La situación más desesperada es la de Burkina Faso. Se calcula que los grupos yihadistas controlan el 40 % del territorio, incluidas extensas zonas rurales del norte y el este. Estos grupos sitian desde hace meses Djibo, una de las principales ciudades del norte. Los combates han causado miles de muertos y han expulsado de sus hogares a casi dos millones de personas. A medida que aumentan las víctimas, también aumentan las acusaciones dentro del Ejército. El año pasado hubo dos golpes de Estado, ambos desencadenados por las matanzas de soldados cometidas por los grupos yihadistas; un teniente coronel, Paul-Henri Sandaogo Damiba, se hizo con el poder en enero, pero cayó derrocado en septiembre por un capitán hasta entonces desconocido, Ibrahim Traoré. Ahora, éste intenta unificar unas fuerzas de seguridad divididas. Es posible que siga el ejemplo de sus homólogos malienses y se deje llevar por el sentimiento populista, critique a Francia y se aproxime a Rusia. Lo más preocupante es que Traoré está reclutando voluntarios para luchar contra los yihadistas, lo que podría provocar una locura sanguinaria por motivos étnicos.

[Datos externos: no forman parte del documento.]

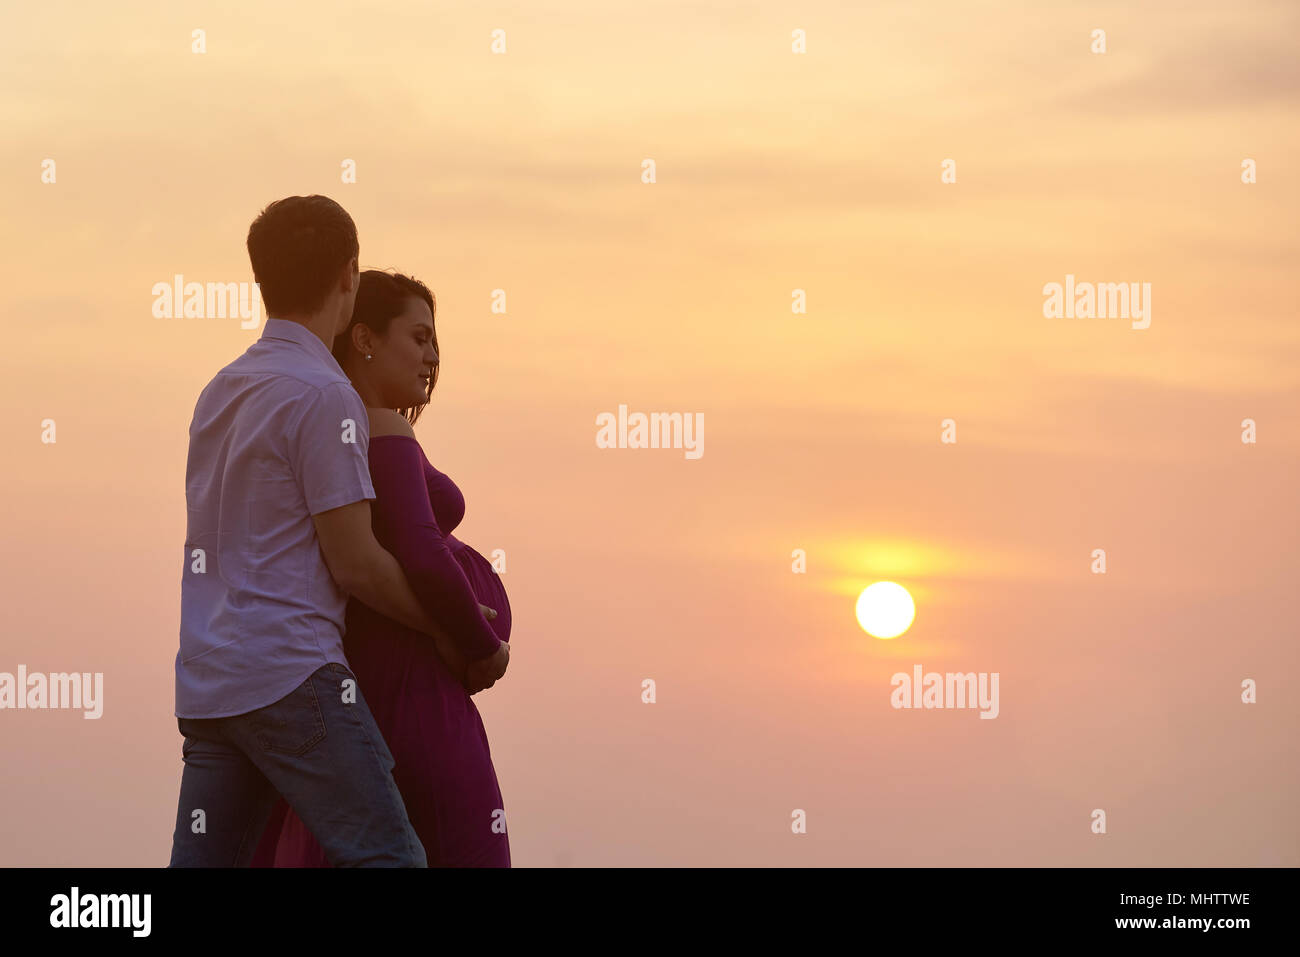 Silhouette des Menschen umarmen schwangere Frau auf Sonnenuntergang Hintergrund Stockfoto
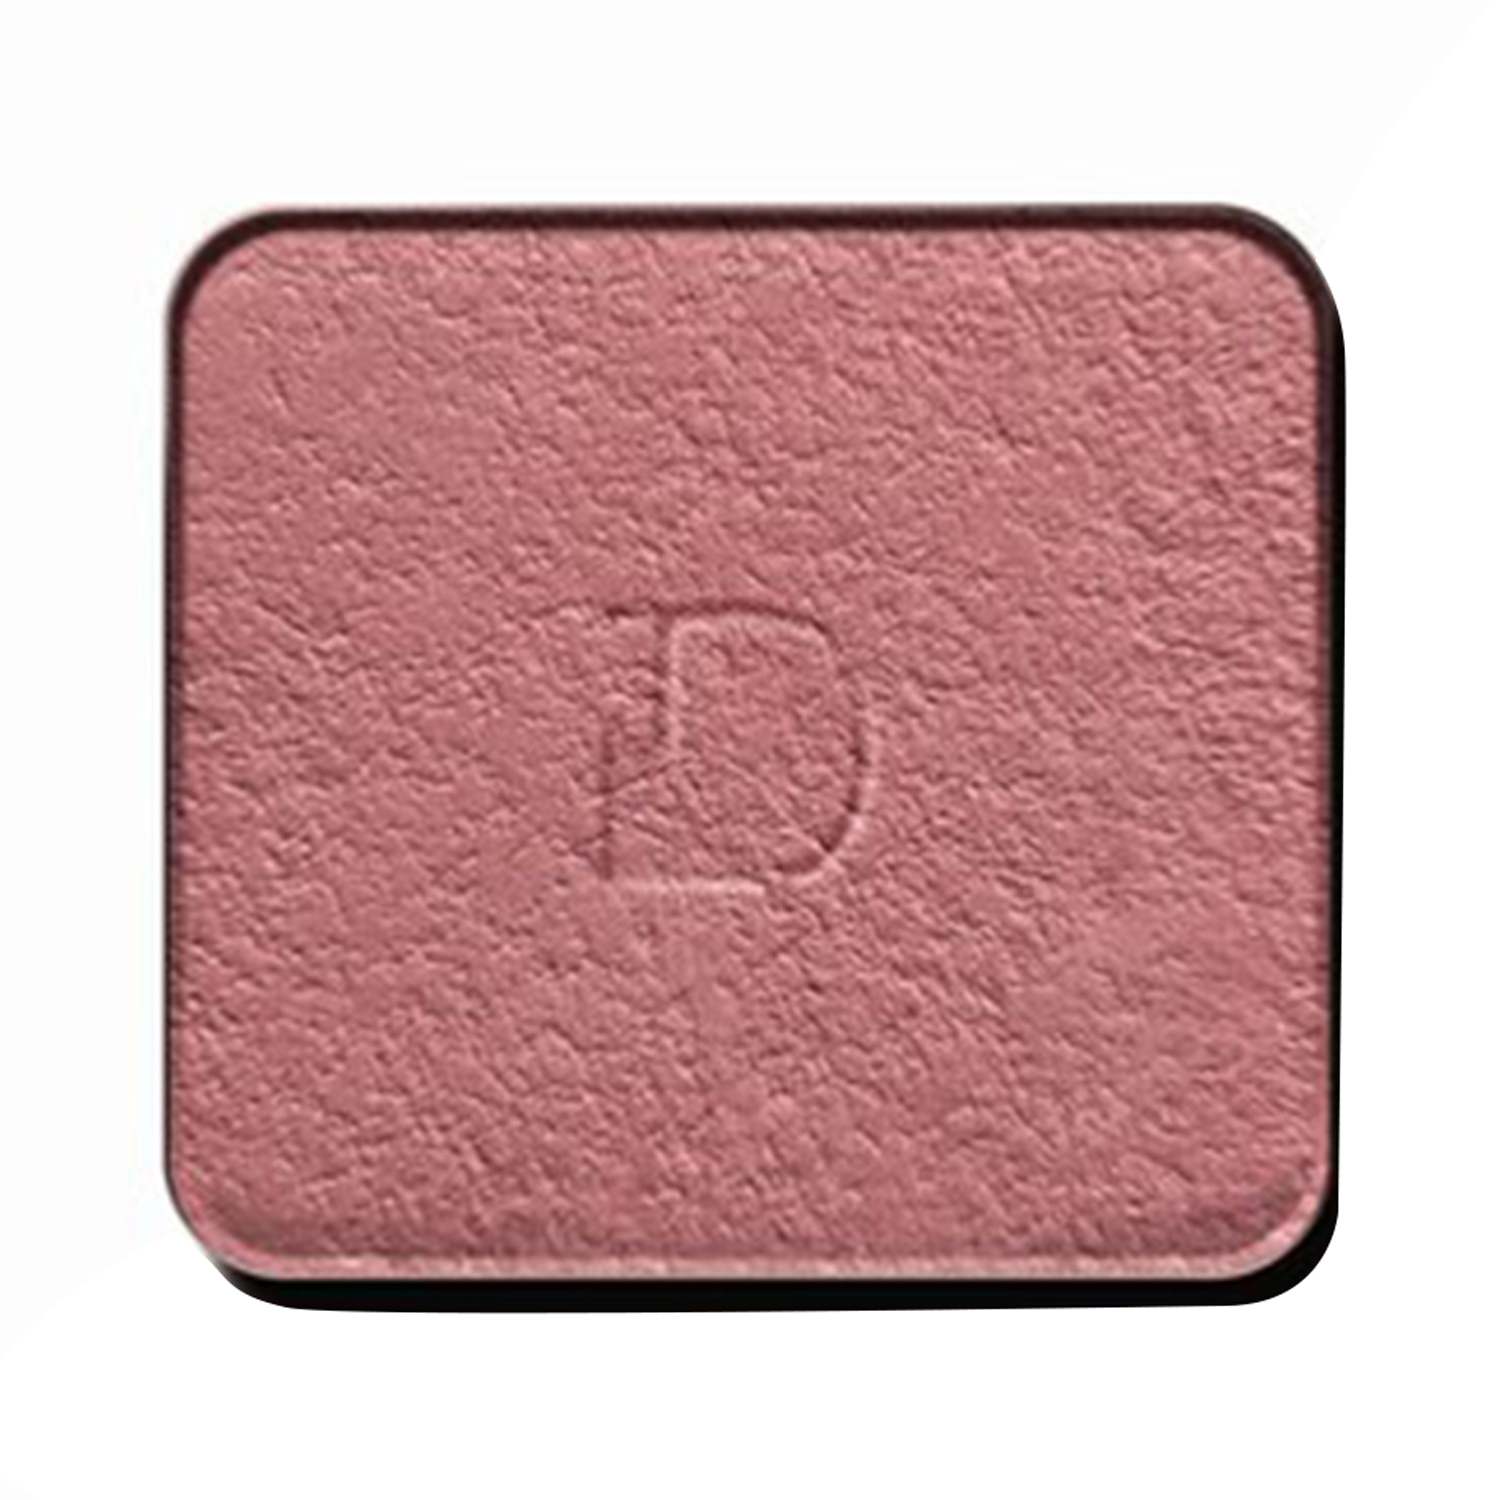 Diego Dalla Palma Milano | Diego Dalla Palma Milano Matt Eyeshadow - 168 Antique Pink (2g)

Malí sufrió dos golpes de Estado, en 2020 y 2021. El Estado está prácticamente ausente en el extremo norte. Allí, los grupos vinculados al Estado Islámico y a Al Qaeda luchan entre sí y contra los rebeldes no yihadistas, que son predominantemente tuaregs, una comunidad repartida por gran parte del Sahel. Los rebeldes tuaregs firmaron un acuerdo con Bamako en 2015, con la esperanza de ganar posiciones en el Ejército y la concesión de cierta autonomía. Pero ahora, al sentirse abandonados, a algunos rebeldes les podría parecer ventajoso reagruparse con los yihadistas (hace aproximadamente un decenio, los grupos vinculados a Al Qaeda se unieron y usurparon una rebelión separatista dominada por los tuaregs que se apoderó del norte de Malí). Más al sur, en el centro del país, los combates entre las fuerzas malienses y los mercenarios rusos del Grupo Wagner, por un lado, y los grupos militantes, por otro, parecen estar en punto muerto y salpicados de violaciones constantes de los derechos humanos por parte de ambos bandos.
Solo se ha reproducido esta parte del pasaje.